What I don't understand about the Amps is how they are better than twisted, wire nutted splices in which the spices are also taped back into a "bundle." I think twisted and wire nutted wires are as good as splices get without soldering.


----------



## TheRick (Apr 13, 2008)

waco said:


> What I don't understand about the Amps is how they are better than twisted, wire nutted splices in which the spices are also taped back into a "bundle." I think twisted and wire nutted wires are as good as splices get without soldering.


 
It's all in how the manufacturer _"sells" _it to the code making panel.


----------



## Kevin J (Dec 11, 2008)

Amp connectors are not a new product. They have been out since at least 1995, which is when I first started seeing them.

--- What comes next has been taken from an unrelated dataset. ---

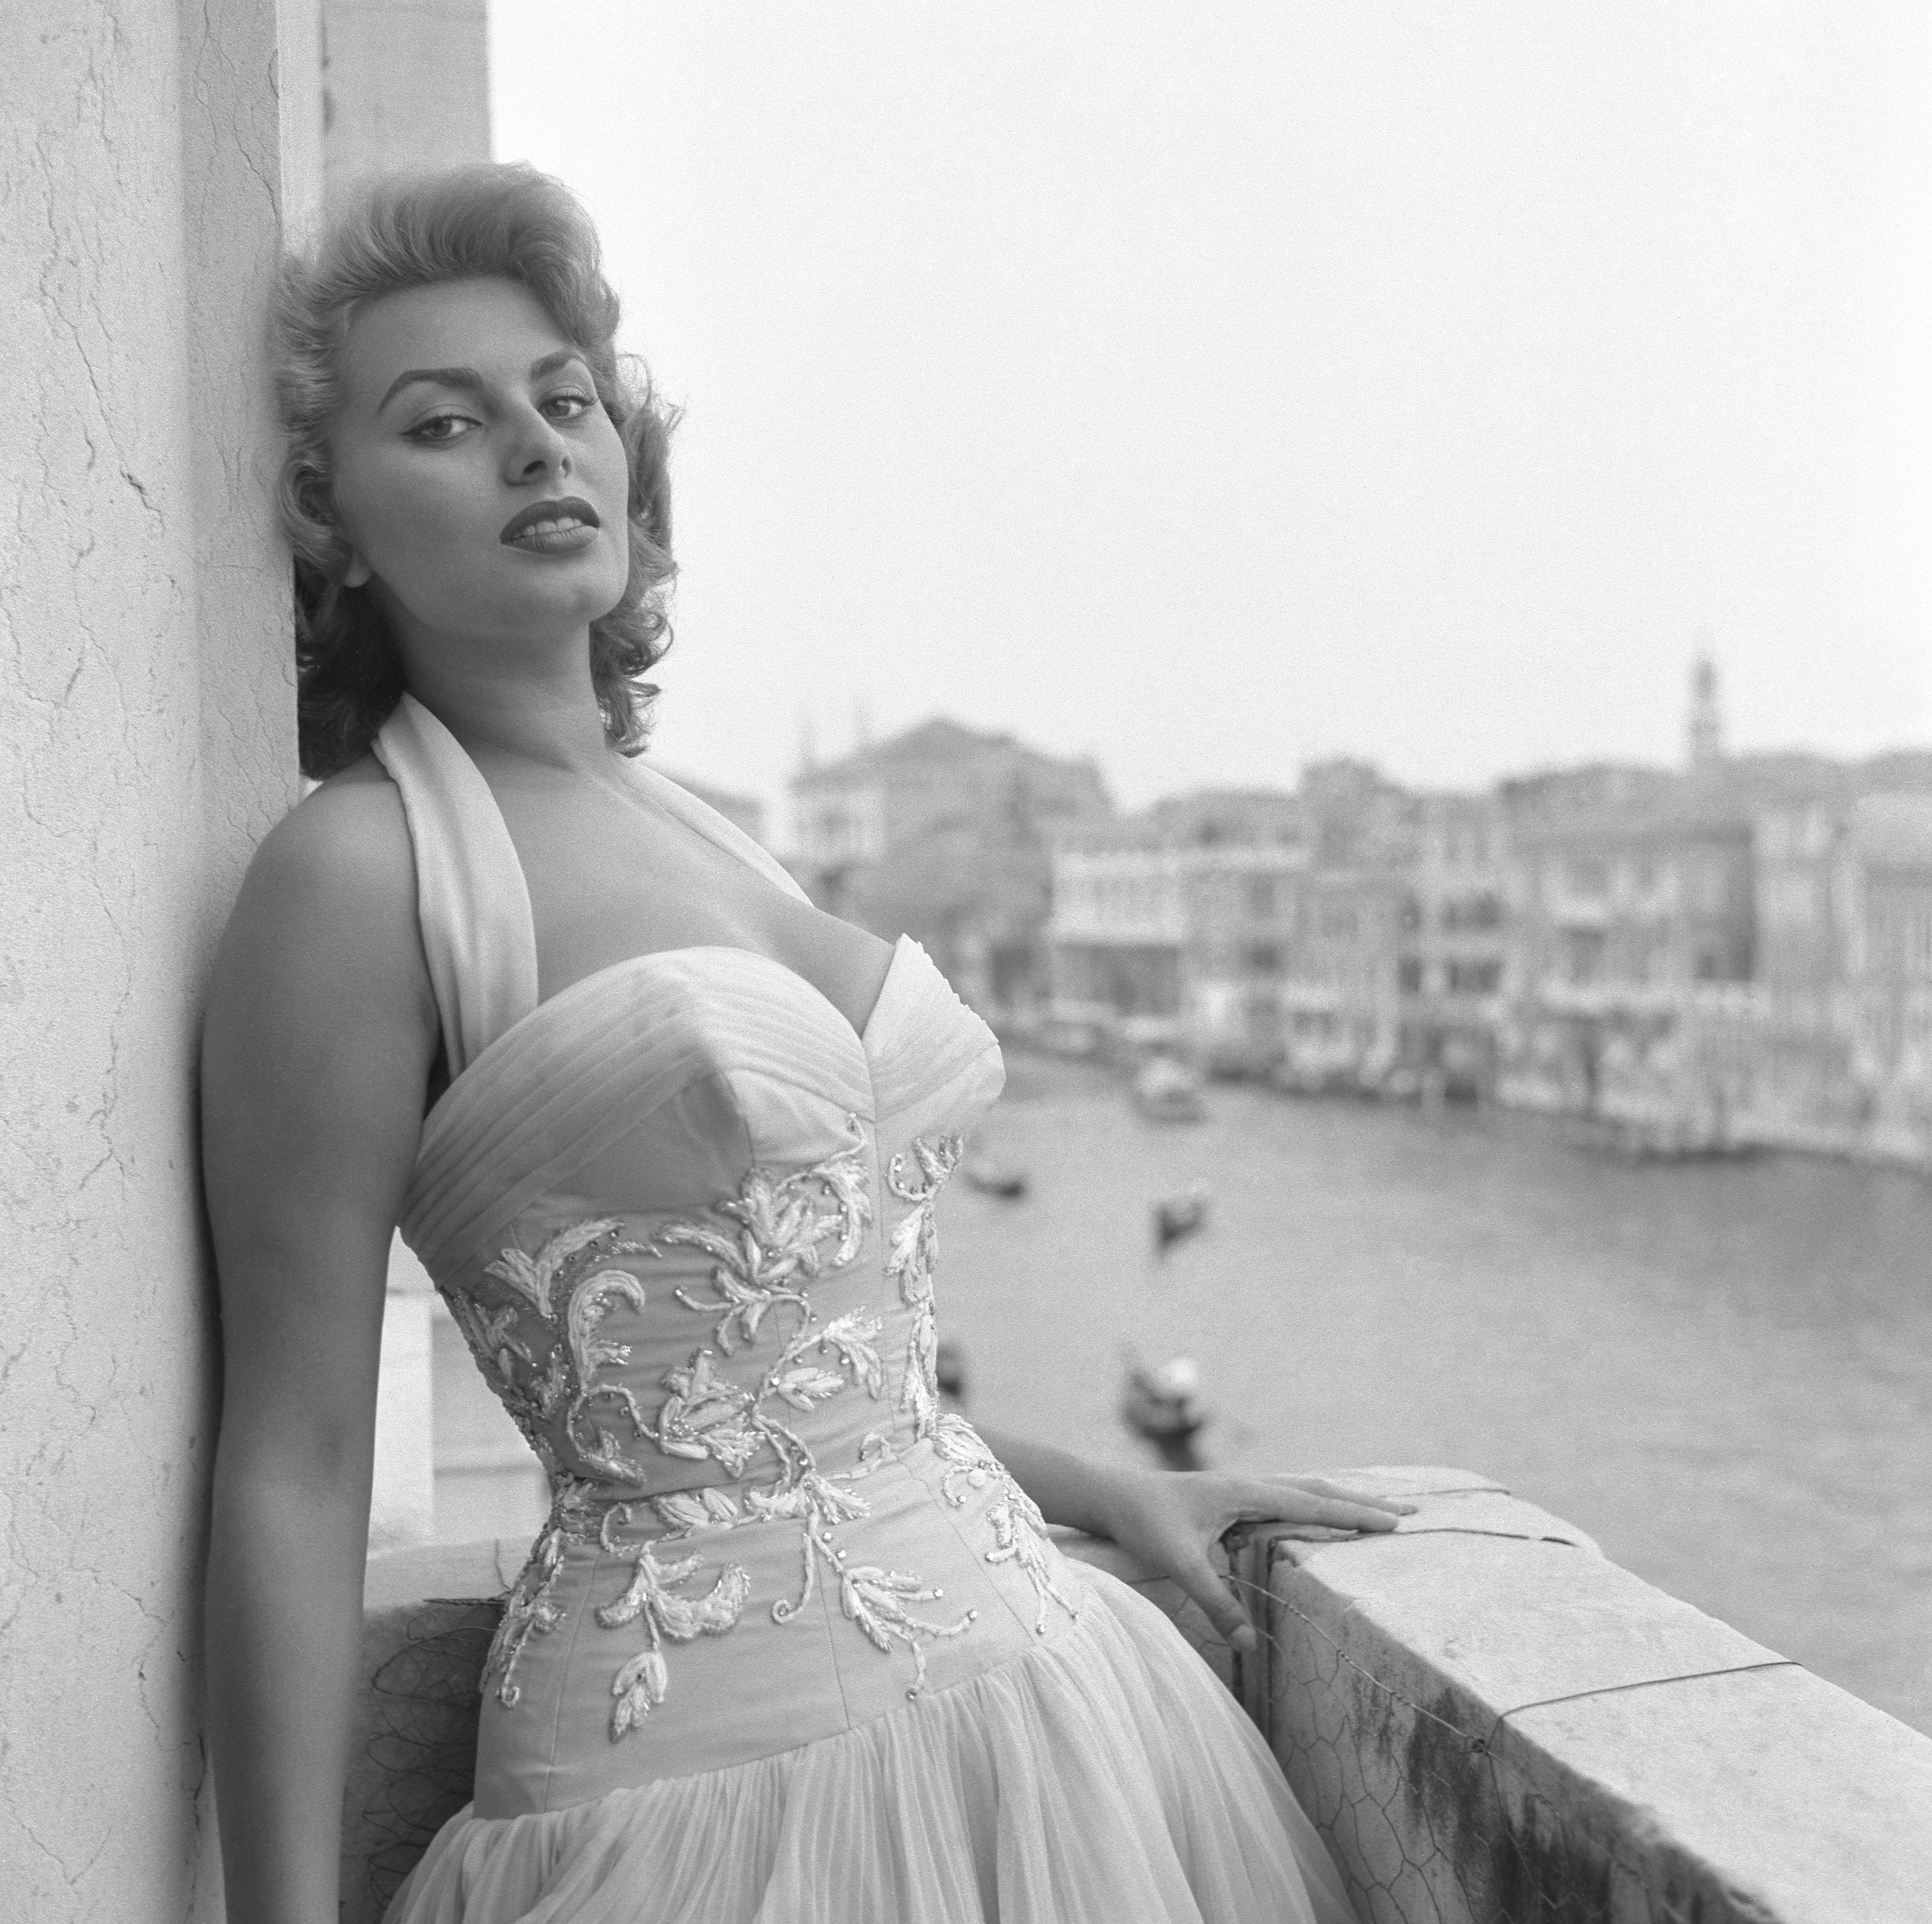 Η ιταλίδα ηθοποιός Sophia Loren στο Canal Grande, Βενετία, 1955 © Getty Images/ Archivio Cameraphoto Epoche

The electrician I was working under at the time had contracts with most of the local modular home companies in the area to be their field electrician. I say modular, not "manufactured double wides". The job involved doing the field hook ups and if wiring the attics and crawl spaces/basements, plus connecting all of those "amp" connectors. They were factory installed and numbered, so it was plug and play for us. A lot of these same houses I have went back to recently to do different things for the customers, and you know what? They're still working fine. And yes, some of the work I have had to do is wiring for a finished basement and with all those amp connectors in the ceiling, you can't do much except bury them. I feel perfectly comfortable doing this, considering that some of them have been there for 14 years and still going strong. Plus, amp connectors do not "spike" into the wires, they have blade connections similar to back-stabbed devices, except the connection is firmer.


----------



## Electrical SME AHJ (5 mo ago)

TheRick said:


> You are right it is in there, but you are wrong about what "it" is.
> 
> Here is the article;
> 
> ...


The key word in the code for this is "repair" of wiring. Not remodel, rework, etc. This are acceptable for a repair of damaged wiring. Not relocation, remodel, or rework. which means then the product would have to be accessible.


----------



## Electrical SME AHJ (5 mo ago)

Since this was awhile back. just an update. The code reads "for repair" these non metallic sheath interconnectors are legal to be hidden in a wall or ceiling for a "repair". Not a remodel or rework. That requires this product to be accessible. Tyco list their product as for hidden rework. This is incorrect as the code does not say hidden rework. Another case of a design engineer changing he words in the code. Reference 2020 NFPA 70NEC


----------